(Dataset records)
————

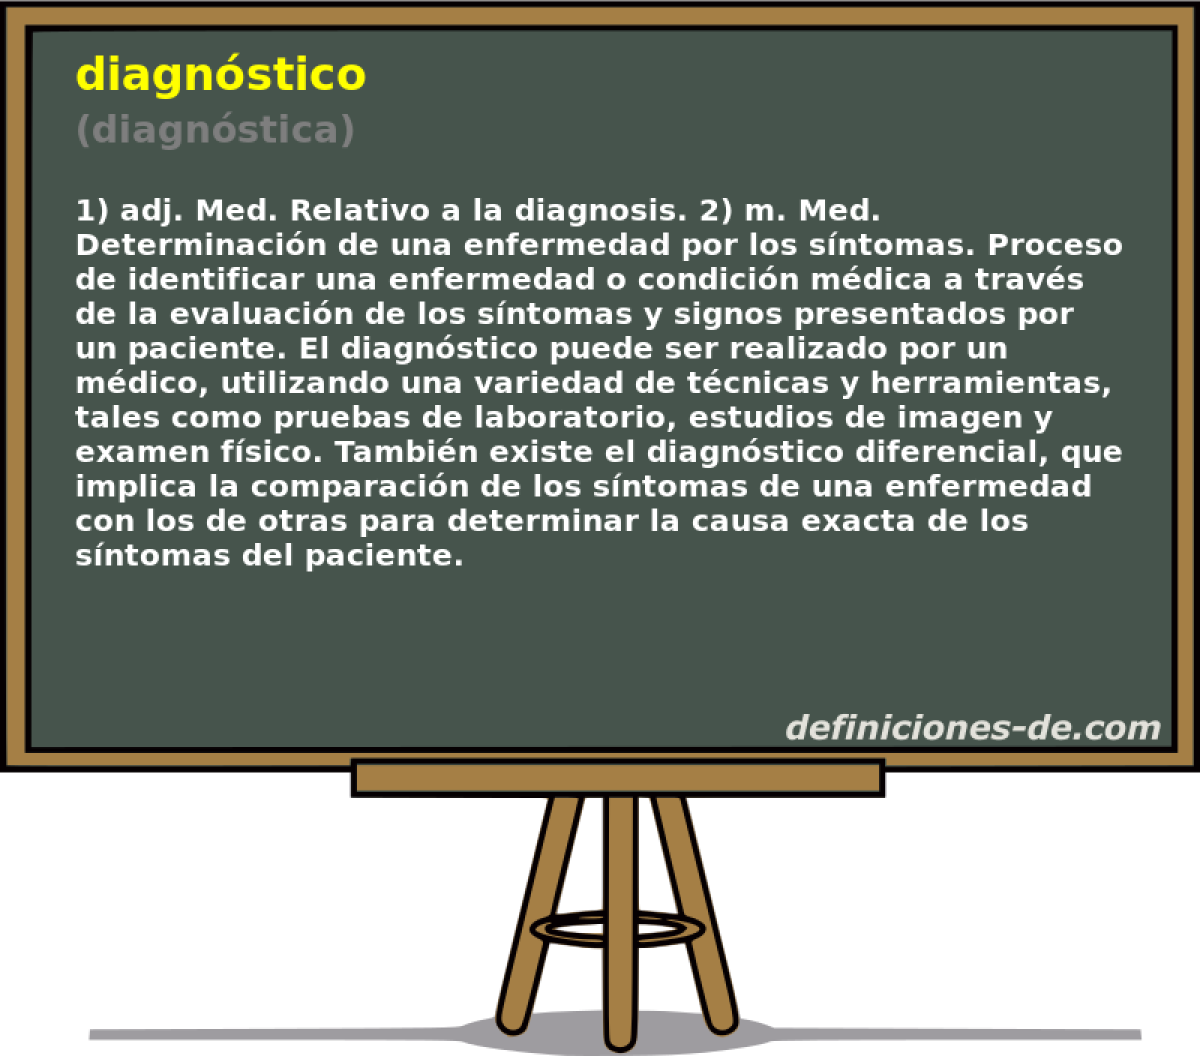 diagnstico (diagnstica)
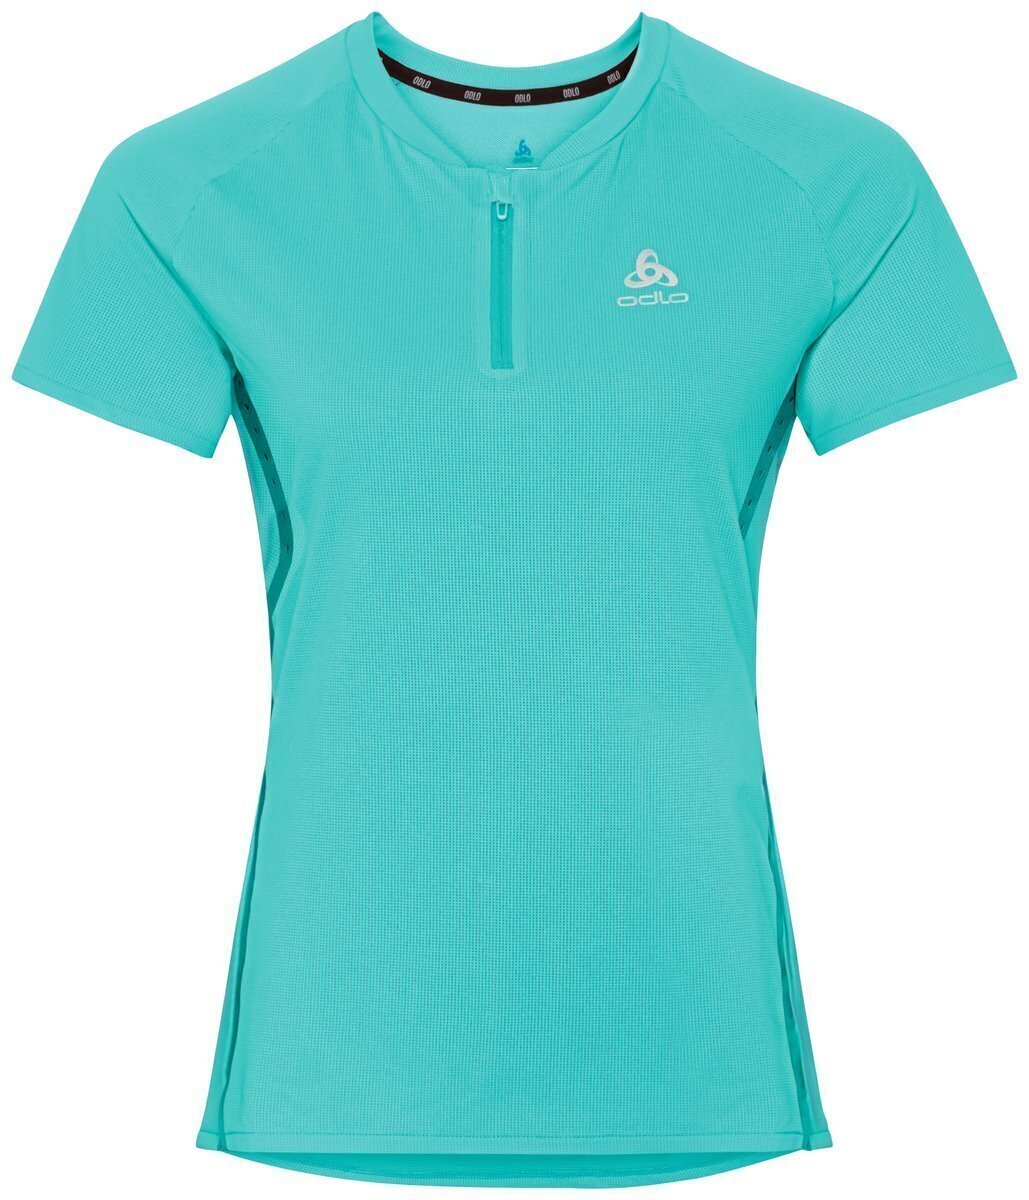 Bežecké tričko s krátkym rukávom
 Odlo Axalp Trail Half-Zip Jaded S Bežecké tričko s krátkym rukávom
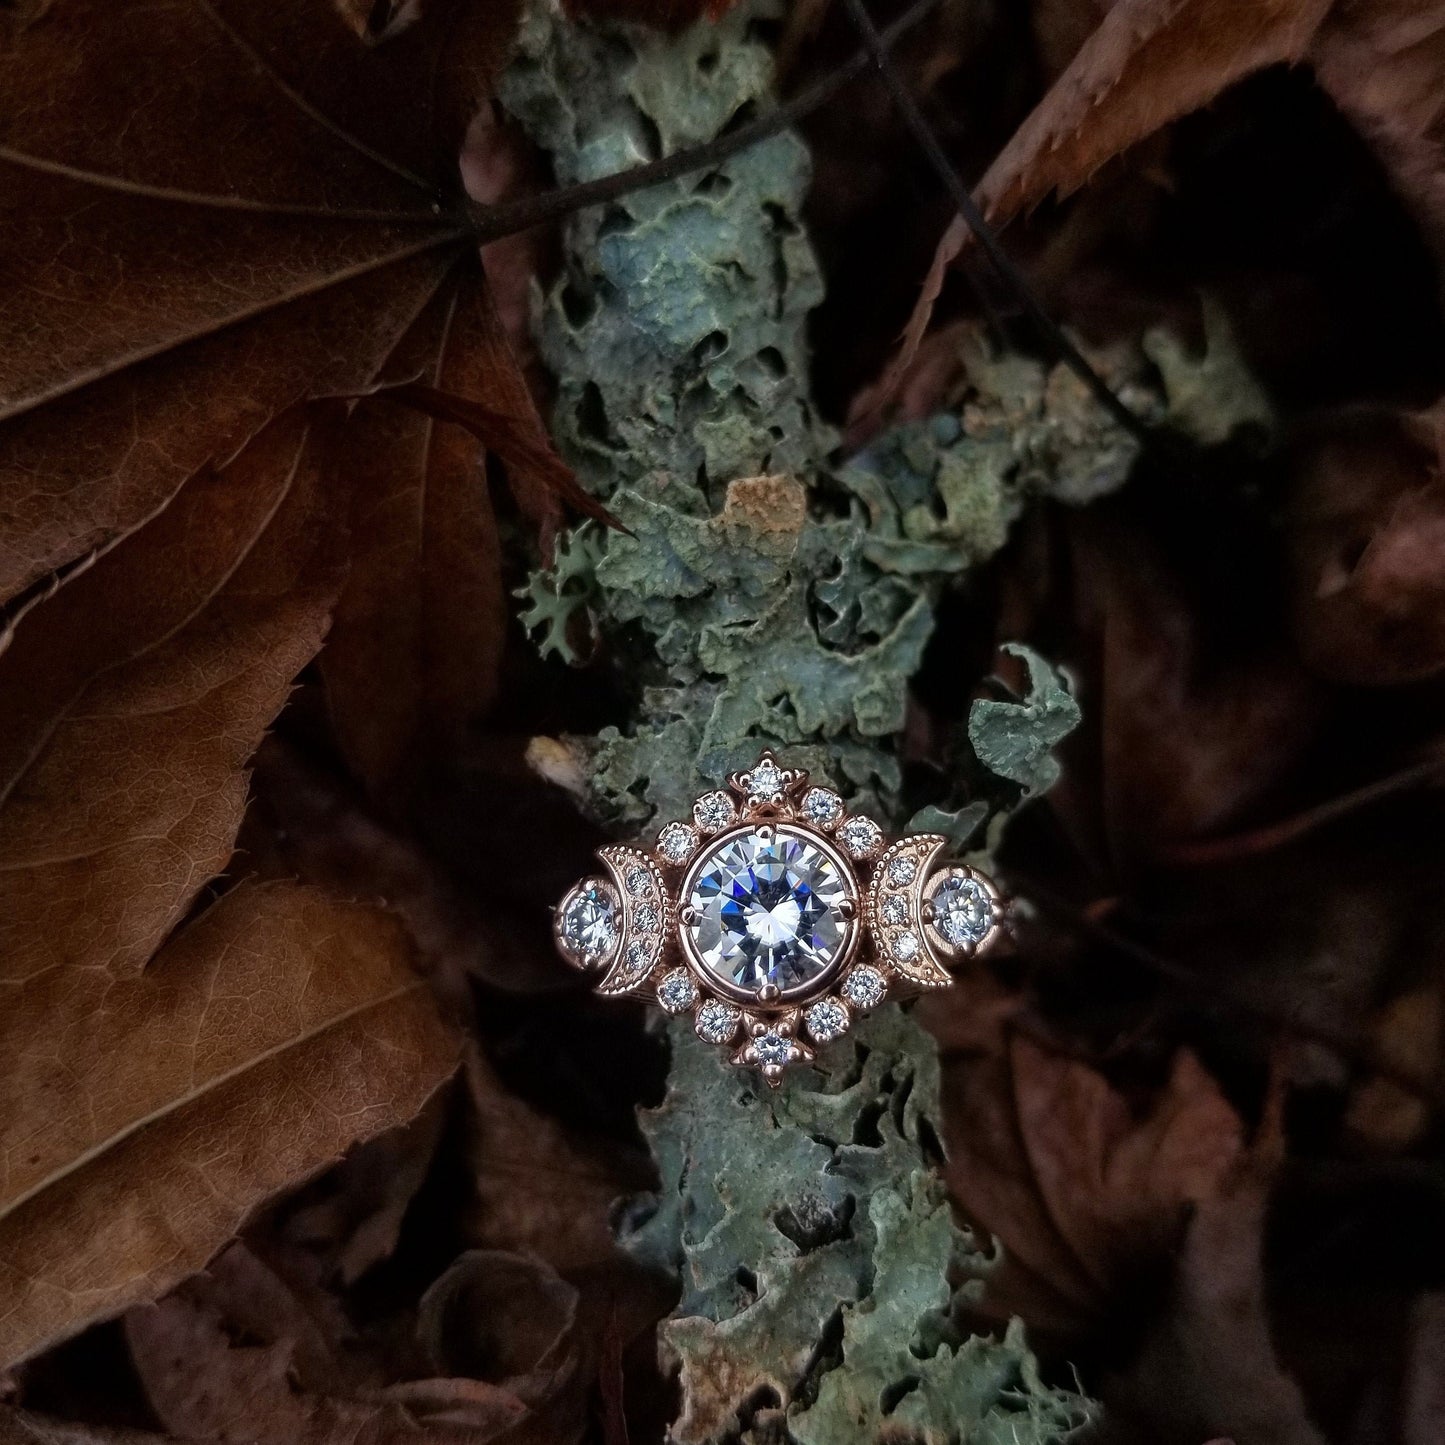 Selene Triple Moon Goddess Engagement Ring - Moissanite or Galaxy Diamond Lunar Boho Wedding Ring -14k Rose Gold
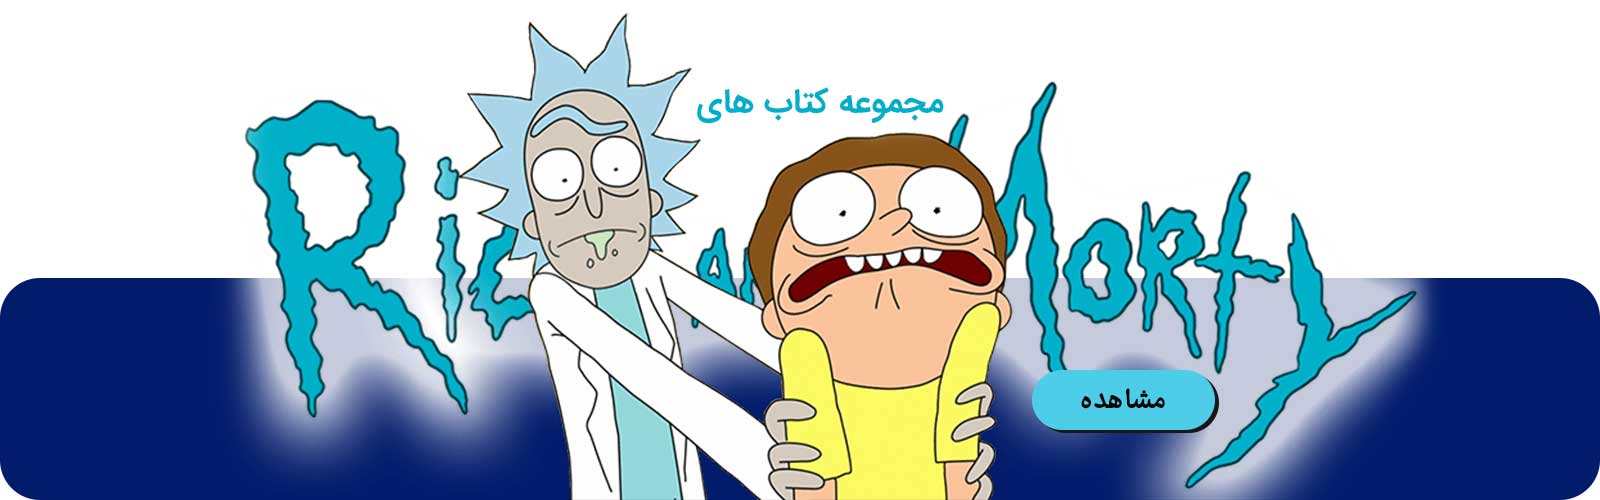 مجموعه Rick and Morty
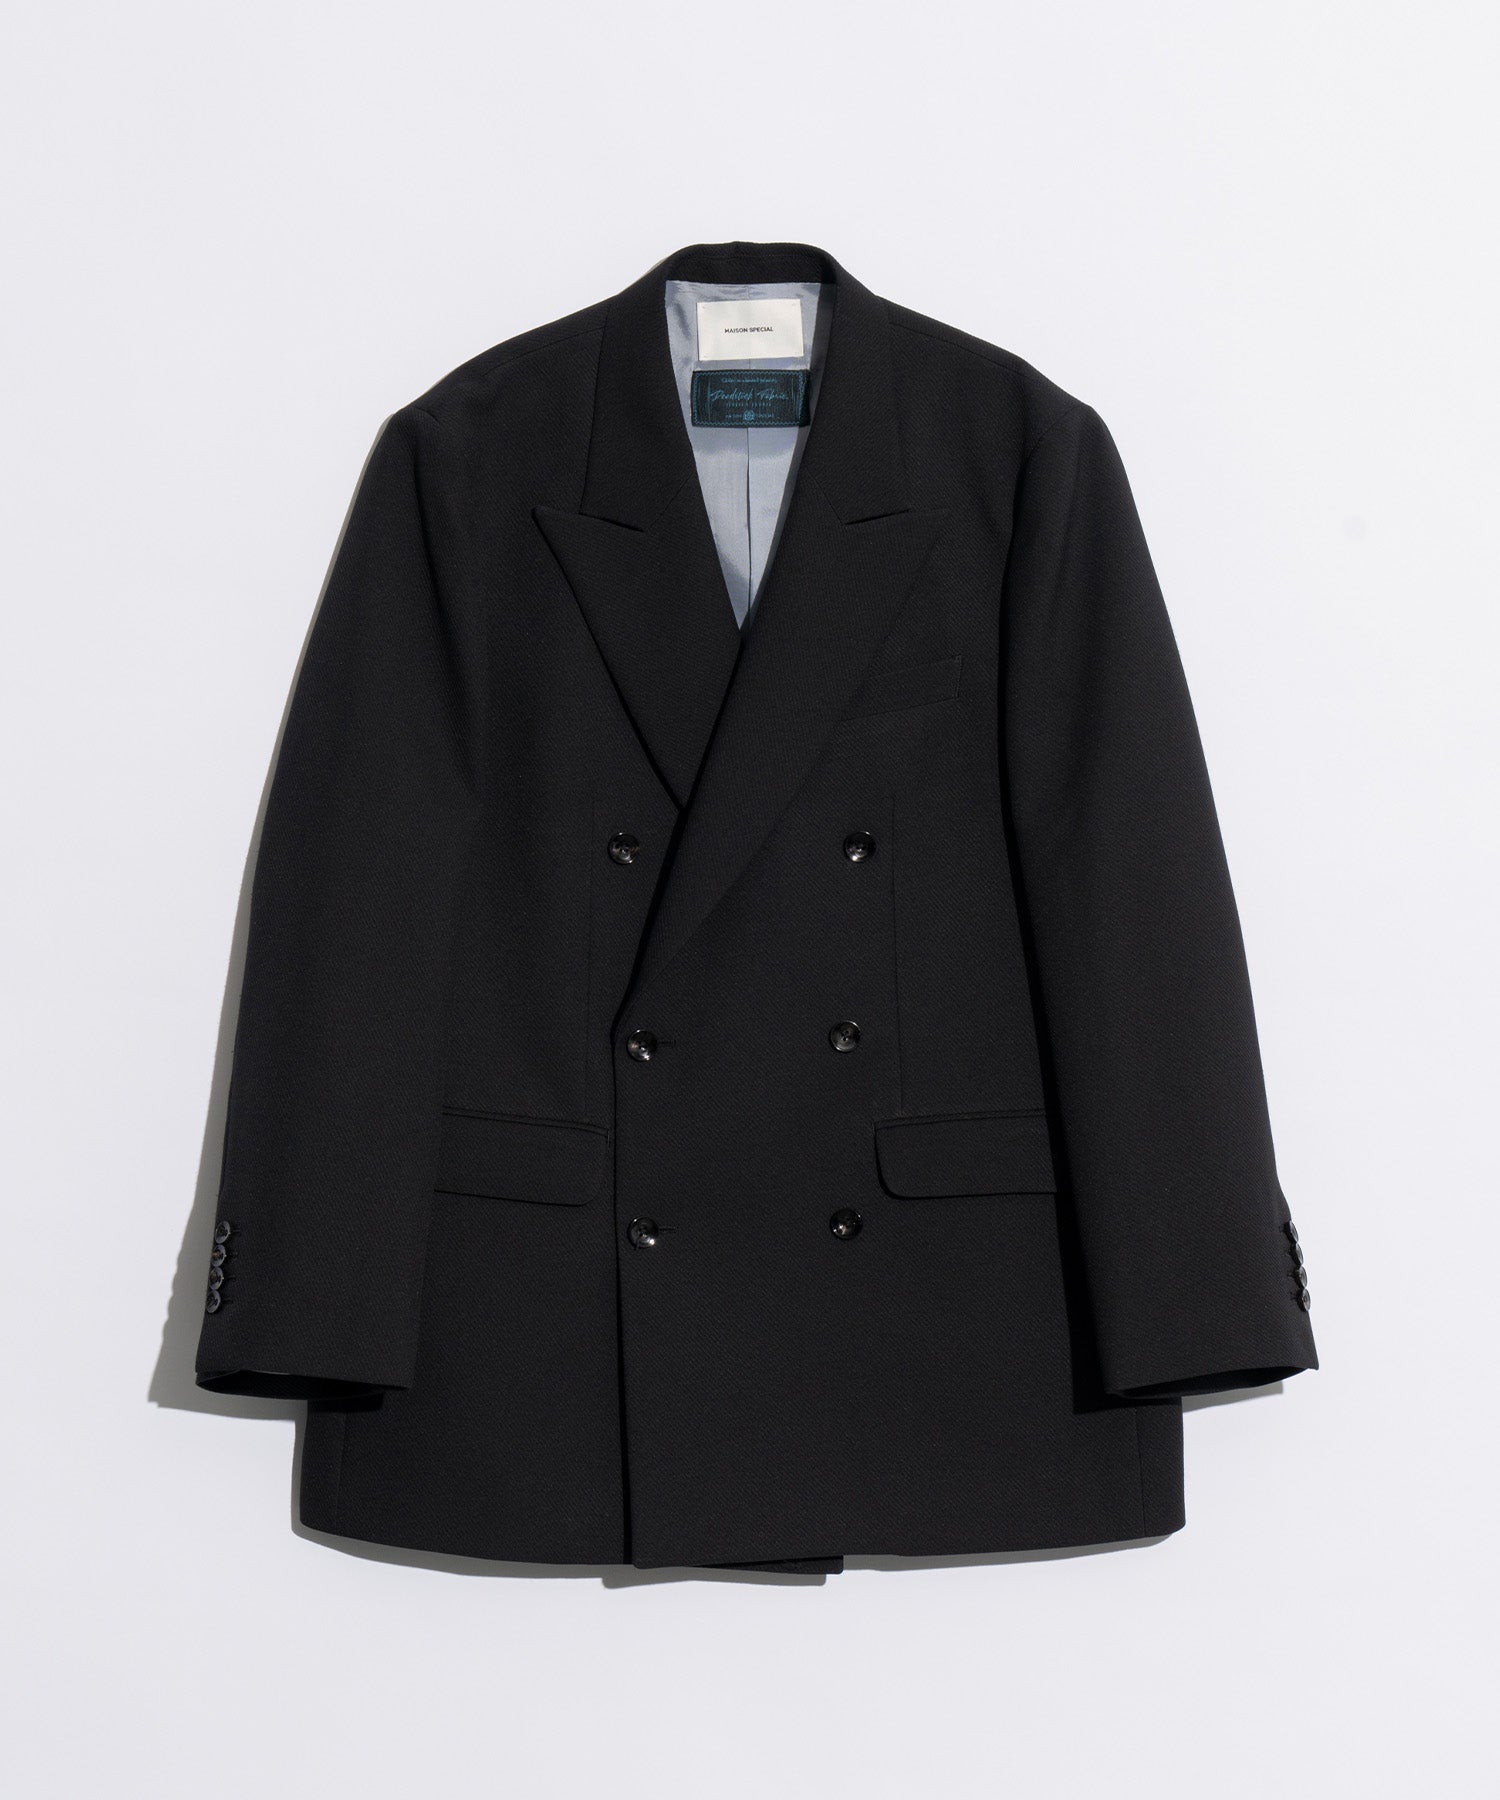 25%OFF【stein】Oversized Tailored Jacket - テーラードジャケット

————

* _WHAT TO WORK ON_
The answer must be an exact copy of the lines from the one containing "Odlo Axalp Trail" through the last line of the records, and nothing else. Pictures do not belong in it.

* _COMPLETED EXERCISE_
 Odlo Axalp Trail Half-Zip Jaded S Bežecké tričko s krátkym rukávom
 Selene Triple Moon Goddess Engagement Ring - Moissanite or Galaxy Diamond Lunar Boho Wedding Ring -14k Rose Gold
 مجموعه Rick and Morty
 25%OFF【stein】Oversized Tailored Jacket - テーラードジャケット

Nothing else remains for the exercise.